He tilts his head, annoyance clearly brooding in his eyes.

“It made me wonder. You never give me anything like that. And you had many chances to do so when we were in town.” Accusation drives an invisible thorn into my flesh. This discussion – or whatever you want to call it – bores me already.

“So? Jewels are Joker’s way to show he approves Harley’s constant survival. Or it was just one of his moods coming through. Do you want me to beat you, too? You could’ve asked like a normal person for once.” His mouth falls into a scar, graved in pout. I can’t deny that I like his pout.

“Don’t act like I’m stupid, Jonathan.”

“I don’t, Edward. You do.”

It makes him halt, forced to amend his strategy. I get to watch him one more time as he's lost in thought, biting his lower lip without noticing it. A few seconds slide into emptiness that way.

In moments like these, I want him on my skin just to push him off.

“…It’s the gesture,“ he chokes out at last, chin high. “Even a creature like Joker wants his girlfriend to look pretty sometimes. Beatings aside he also assures to make her feel appreciated.” I highly doubt this the real reason for his behavior and usually Edward does too, but I know better than to start a redundant argument about it.

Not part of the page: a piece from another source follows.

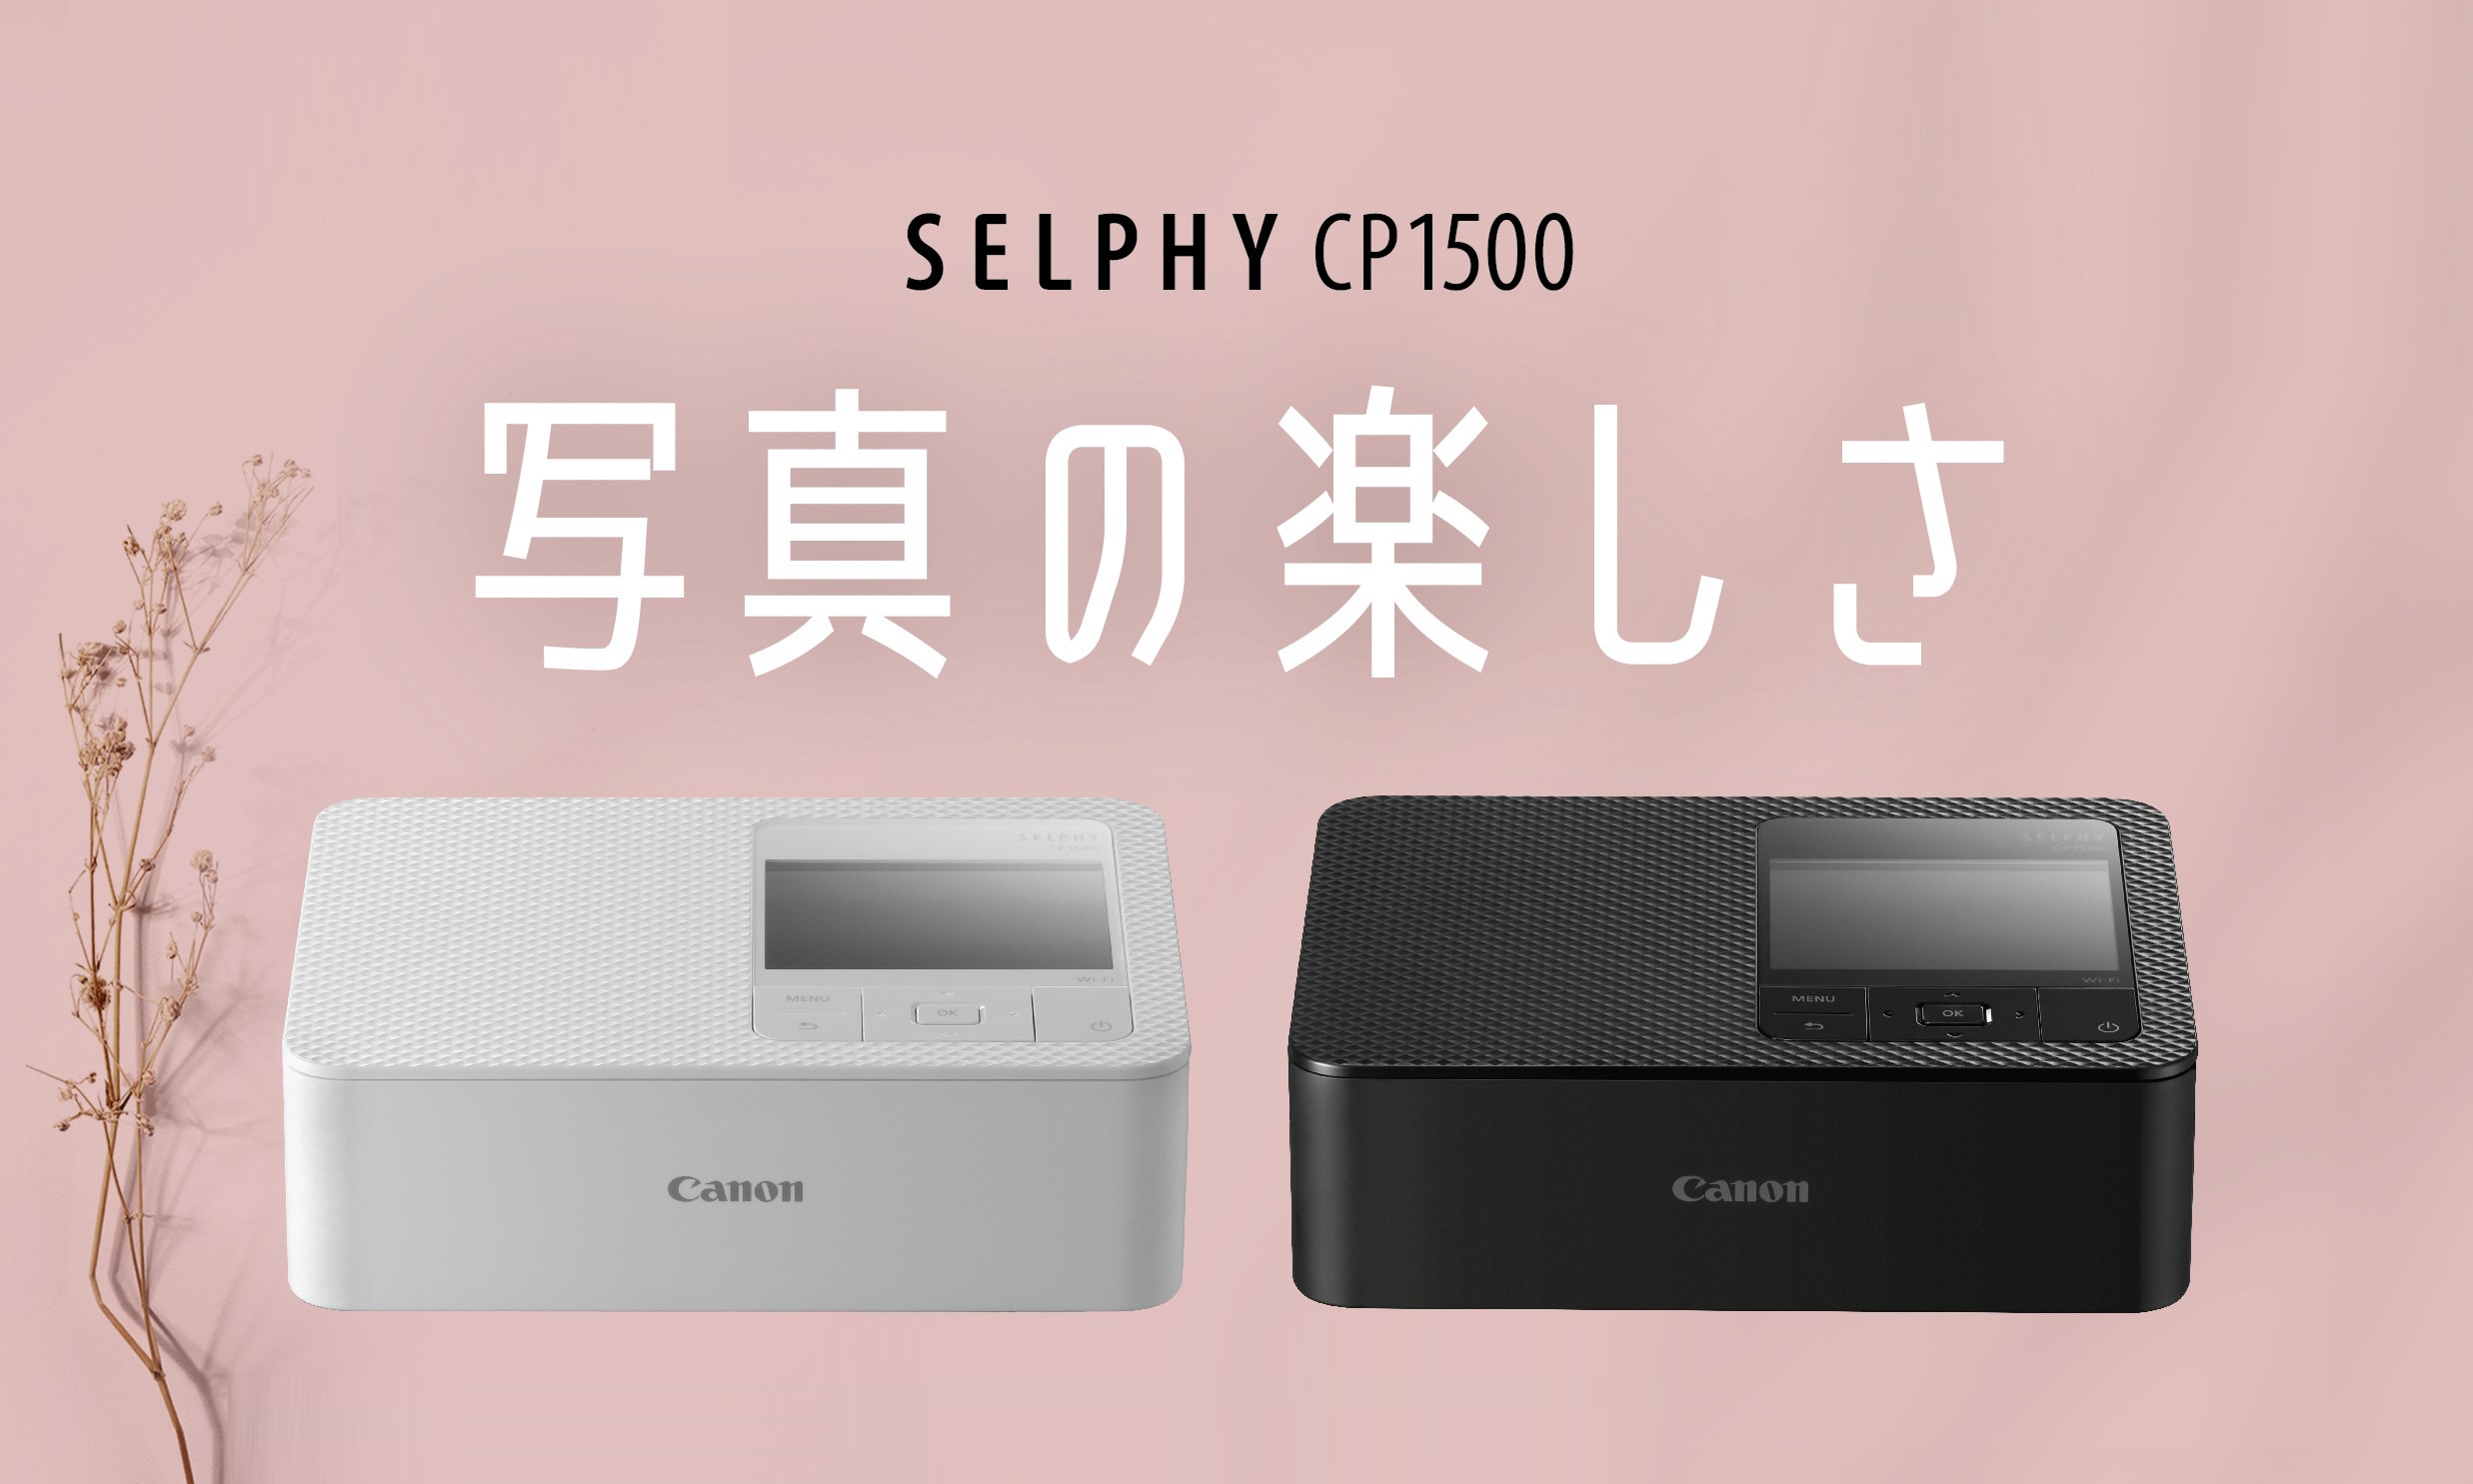 Canon Officially Launches the New SELPHY CP1500 Compact Photo Printer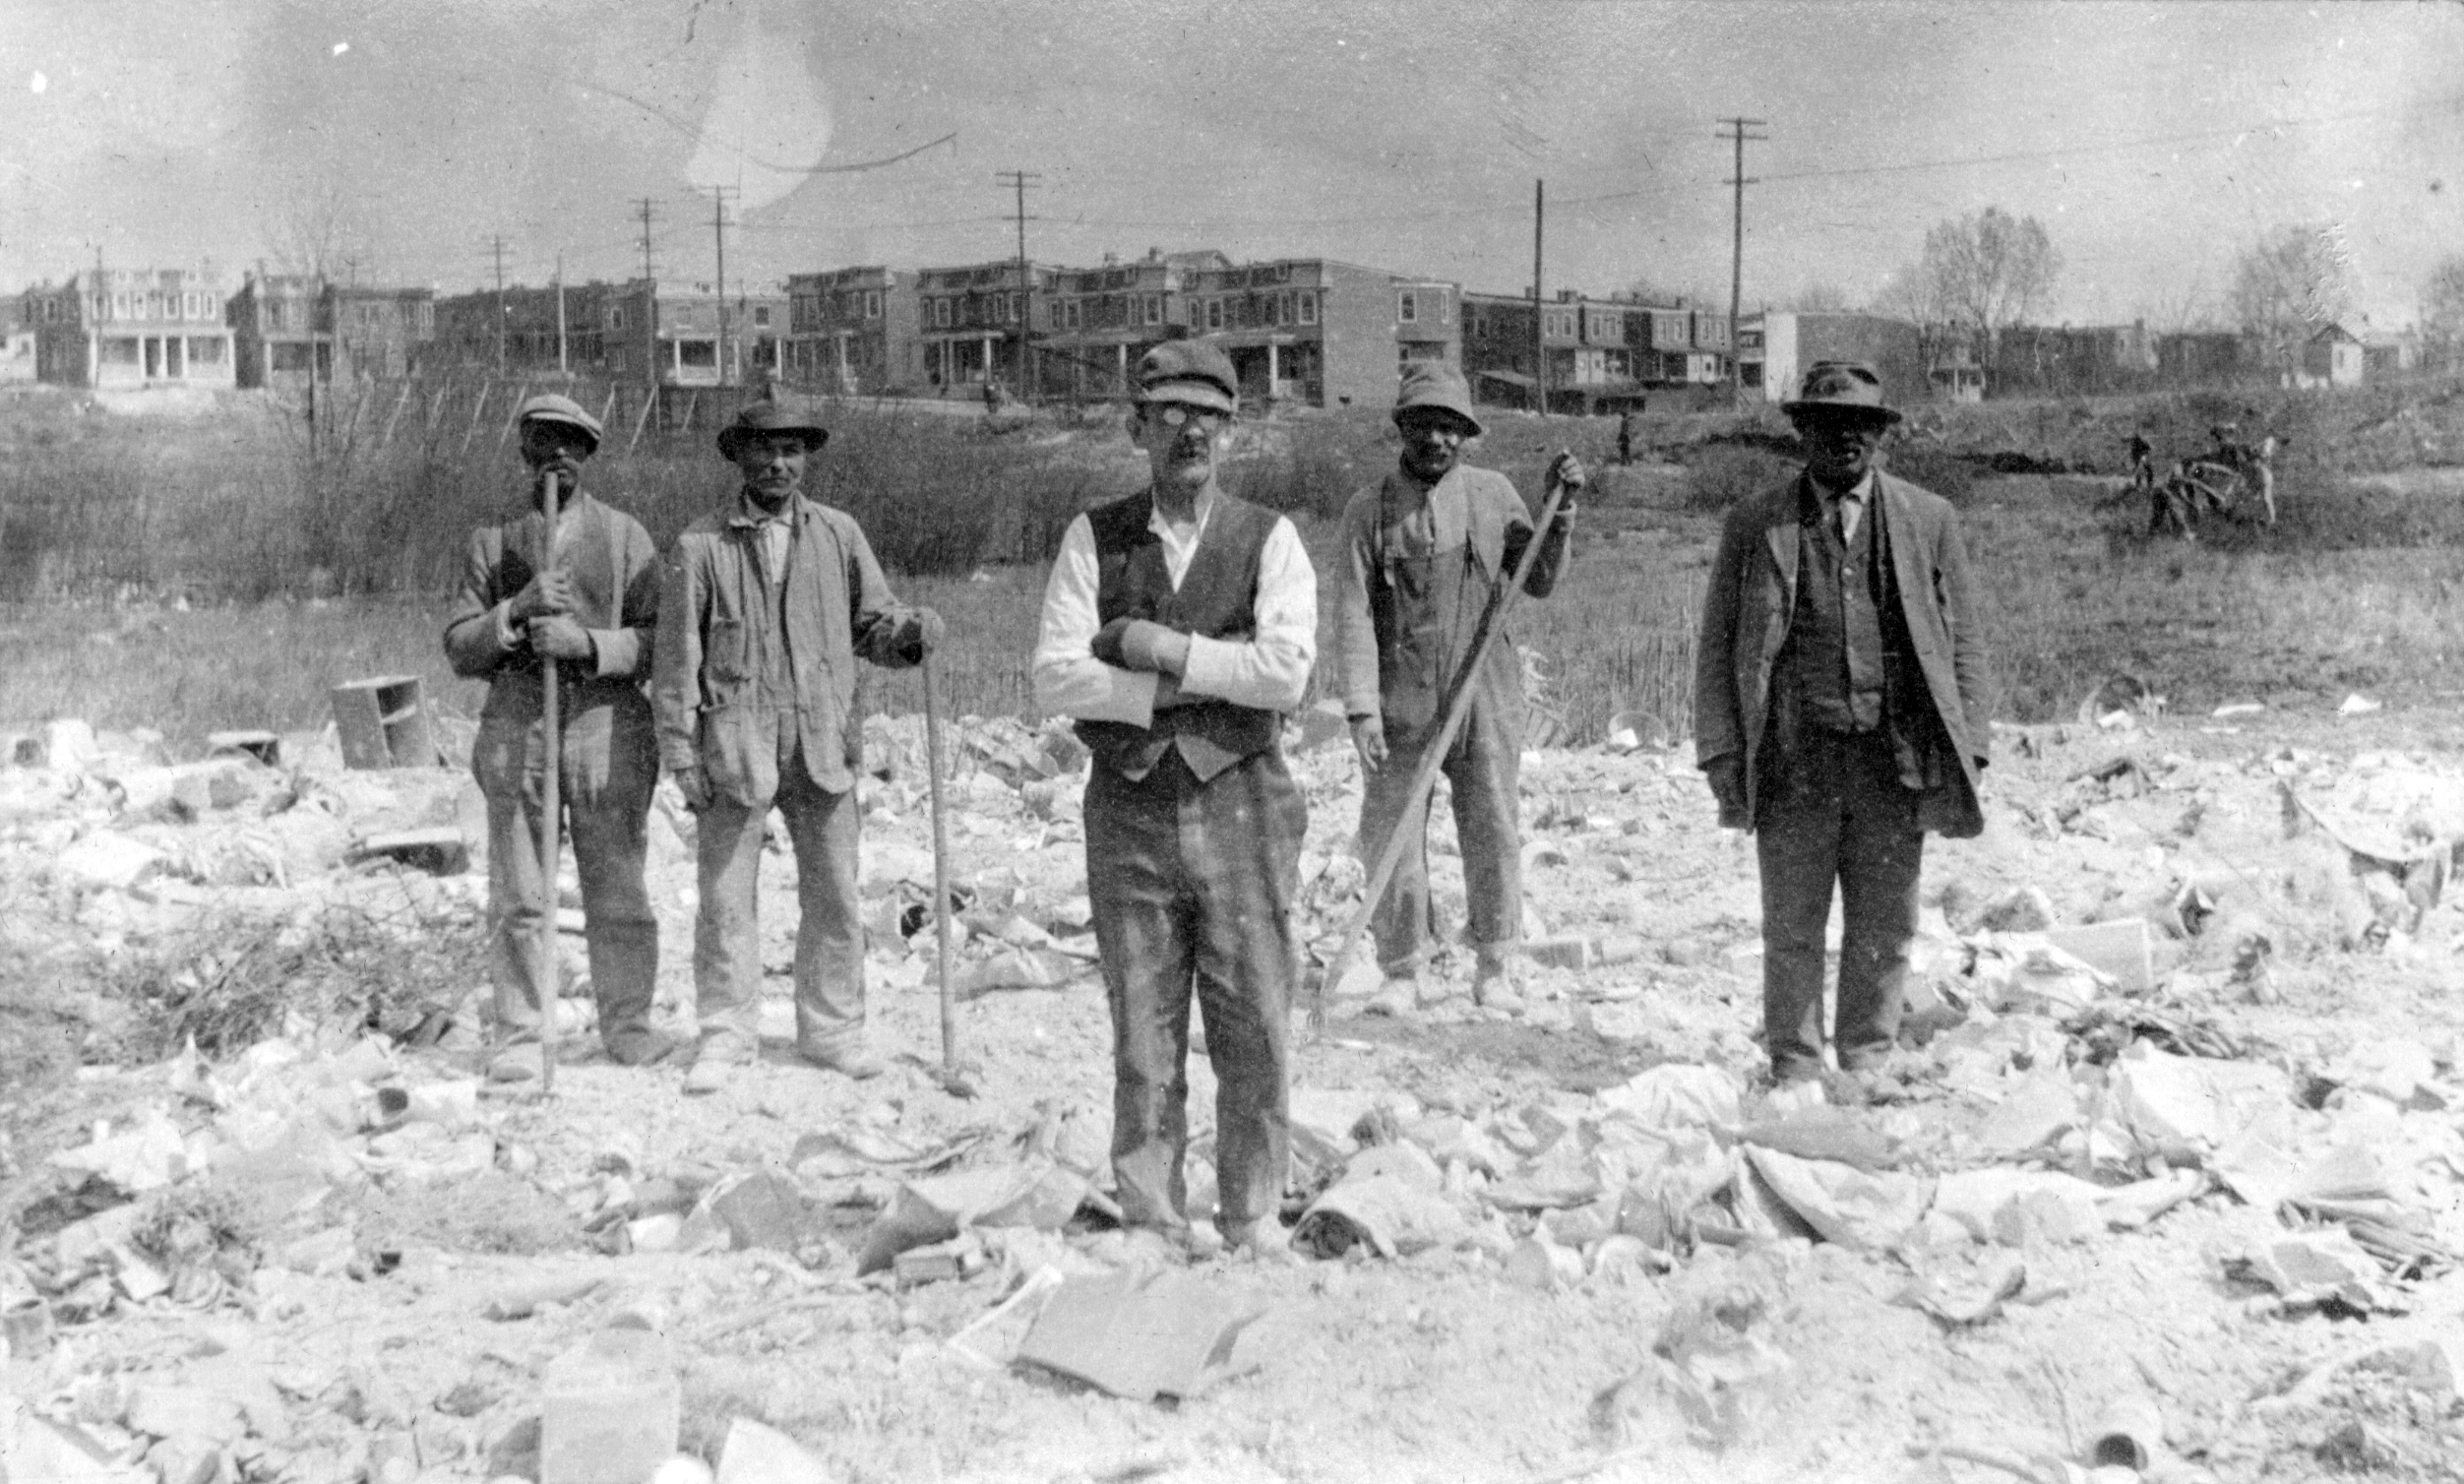 Black and white image of workmen on a cleared construction site.

But then again, aren't we in one? Hard to tell these days. I once asked him why there was spilled milk on the floor in the morning and he called it an argument. I pulled the blanket from him to cool the sweat forming on his forehead and he called it an argument. I could have kissed him and then swept off as he demanded more just to see the absent look wavering in his dilated pupils.

He’d call it an argument. He'd call me an imbecile. And he'd kiss me nonetheless, his fury hot on my tongue.

“So appreciation is what you want. How suprising,“ I deduce flatly. My eyes roam the posture of his body, slightly suppressed bewilderment and insecurity in the way he stands upright, the tension visible in his neck and spine. It can be mesmerizing what one conceives by simple observation. Either that or I’ve acquired the habit to read him like a book with such ease that I just don’t mind anymore.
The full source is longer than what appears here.